Grossberg first introduced these ideas in 1976, and Carpenter played a critical role in transforming them into mathematical algorithms that were eagerly snapped up by engineers and technologists. Since the 1980s, Carpenter and Grossberg have developed and refined these algorithms, and the reach of the ART models has been profound. “ART led to an explosion of results by literally thousands of practitioners, with many more to come,” says Donald Wunsch, a leading neural modeler and professor of electrical and computer engineering at Missouri University of Science & Technology. “The field of applying ART to interesting problems in brain research and engineering has not yet played itself out.”
Engineers have used ART to help four-legged robots navigate—a useful technology for bomb detection—and in experimental software to help elderly drivers detect nearby cars. ART-based software helps doctors classify cardiac arrhythmias, diagnose ovarian cancer, and detect sleep apnea. “We won’t see computers that are smarter than people,” says Wunsch. “But we’re going to see more and more things done by neural networks that used to be done by people.” ART is also helping to clarify one of the greatest mysteries in science: our own consciousness.
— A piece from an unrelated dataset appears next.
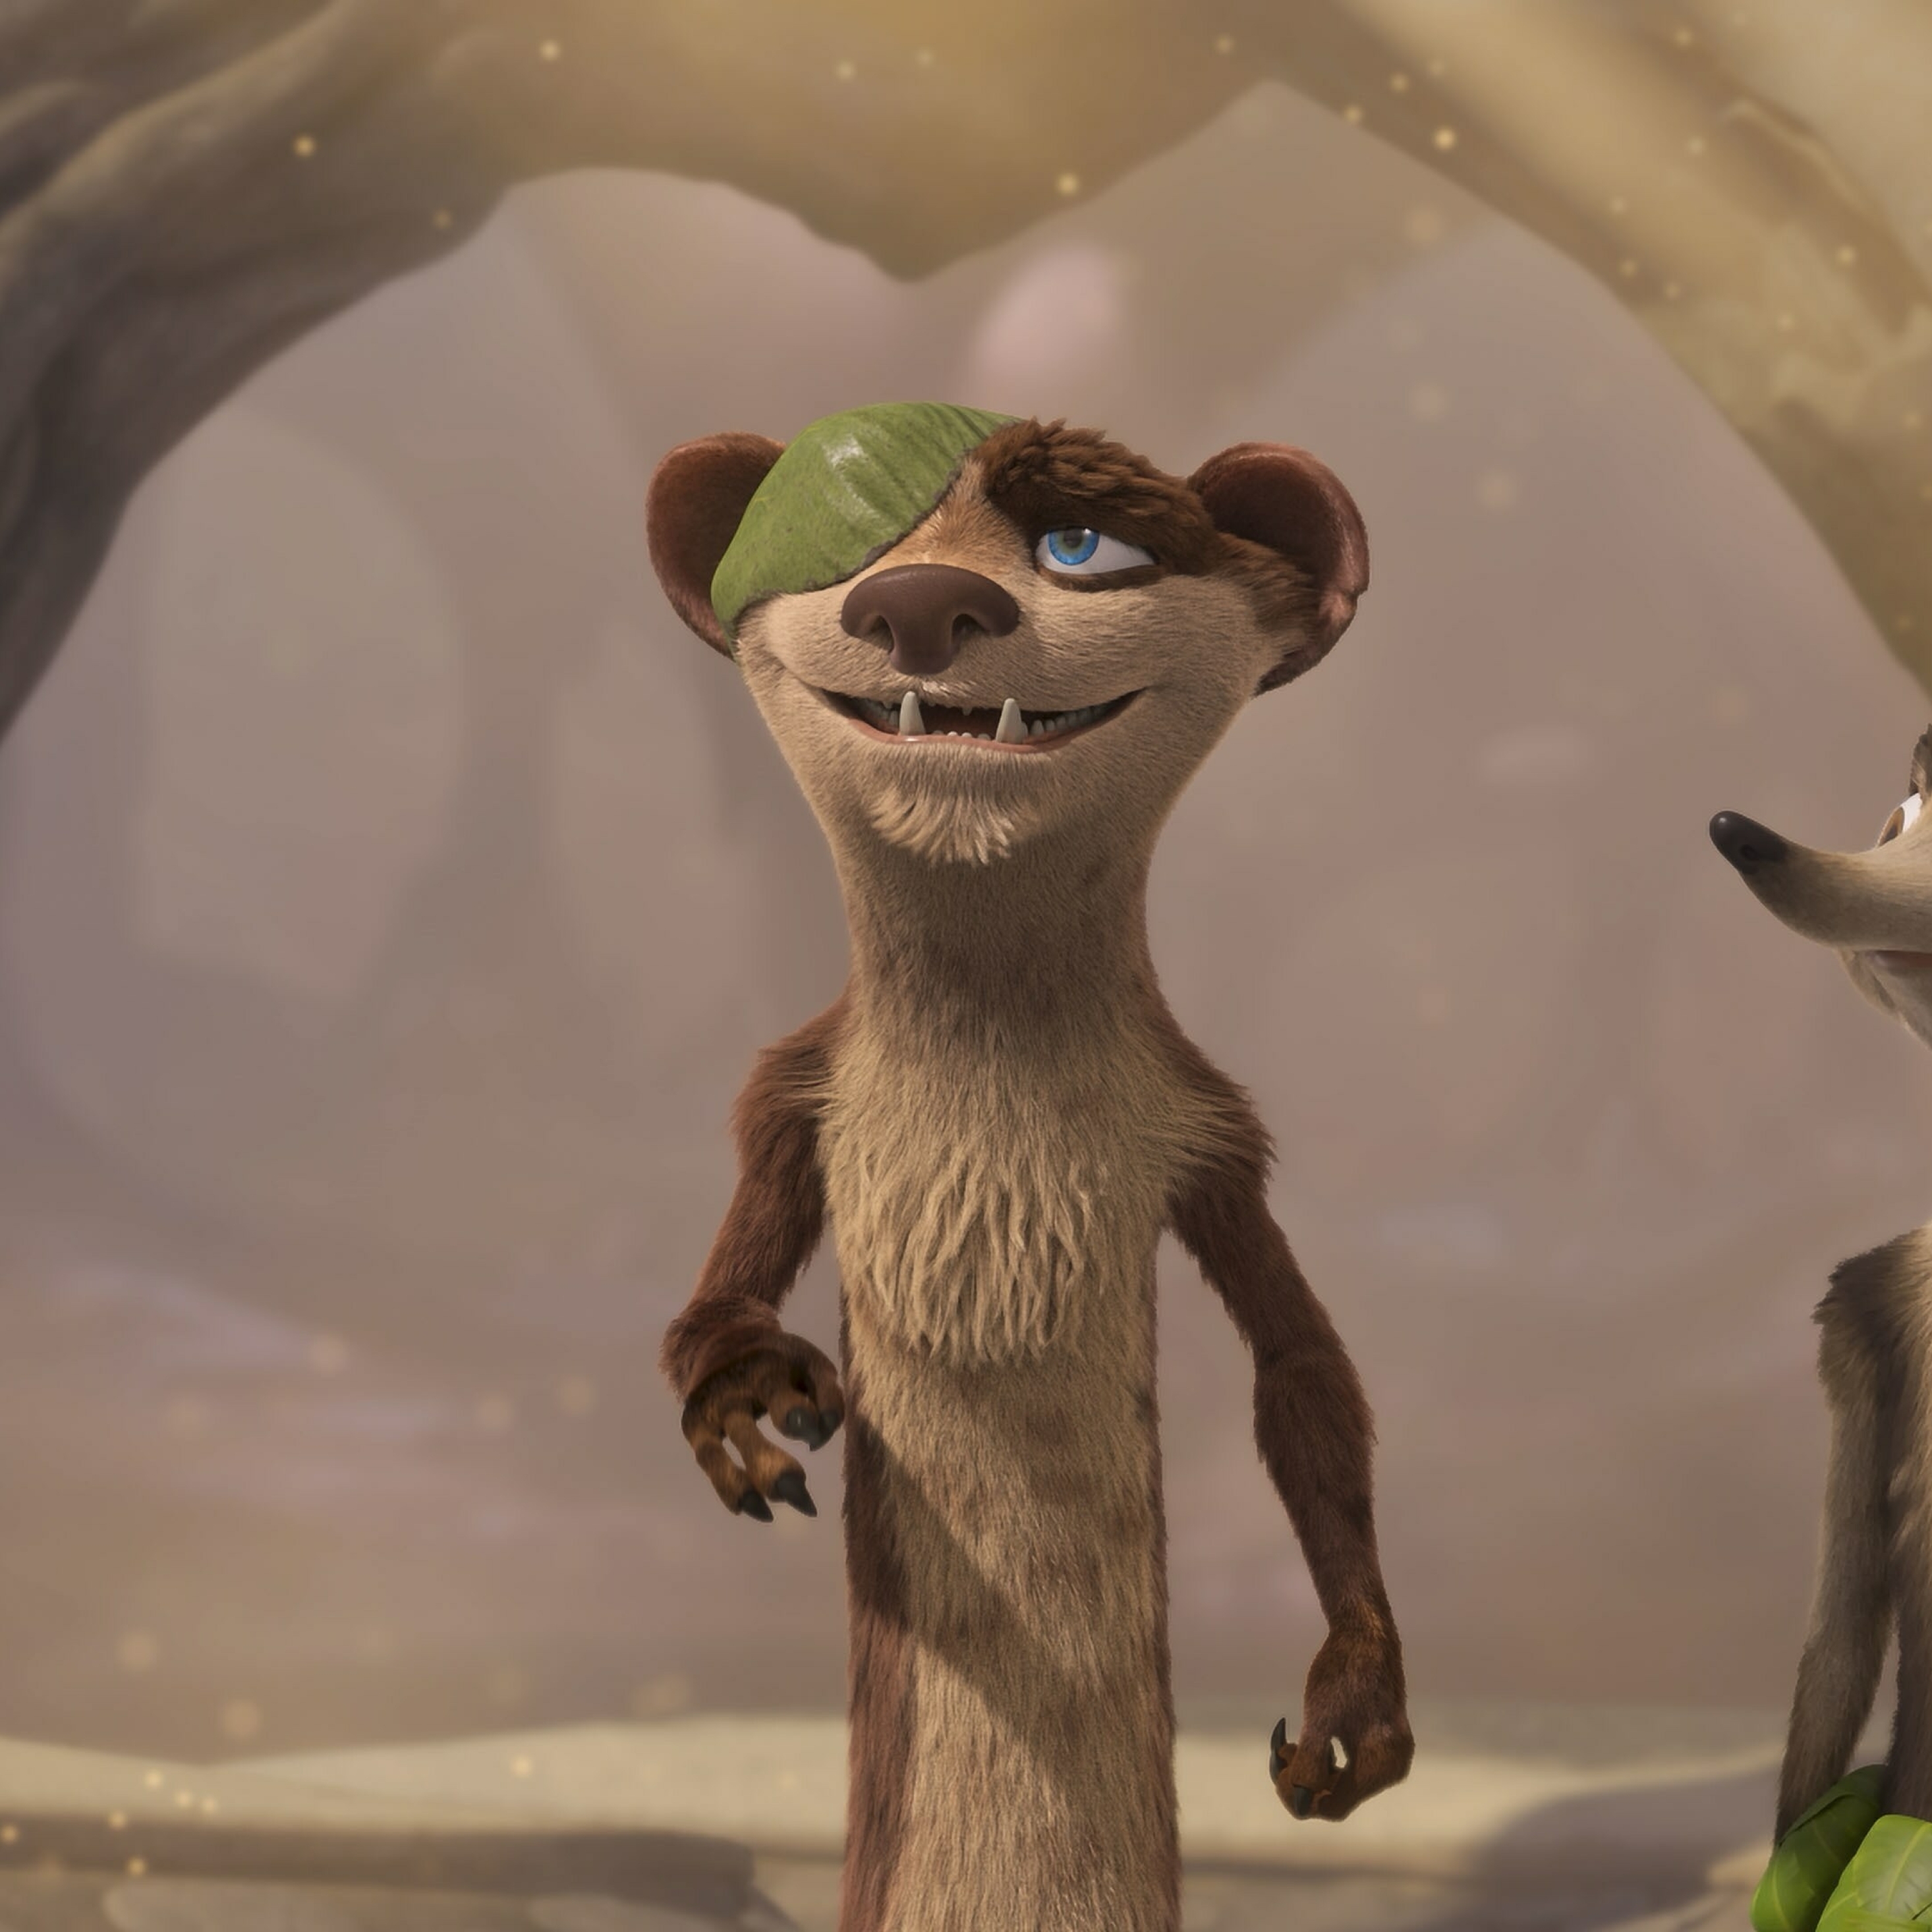 Ice age ferret with eye patch

Grossberg predicts that “all conscious states are resonant states” and has classified the brain resonances that are activated when we see, hear, know, and feel.
Grossberg, now 75, is gratified to see the long reach of his work and continues active programs of research. His creative process is different now than when he was a shy teenager at Dartmouth, but the quest remains the same: to catch a glimpse of the truth, to touch, albeit briefly, the eternal. “Today when I come to a new problem, I come in like a mature artist. I’ve practiced my scales, I have my repertoire, so I’m ready to play new music and do my best to reveal its beauty,” he says.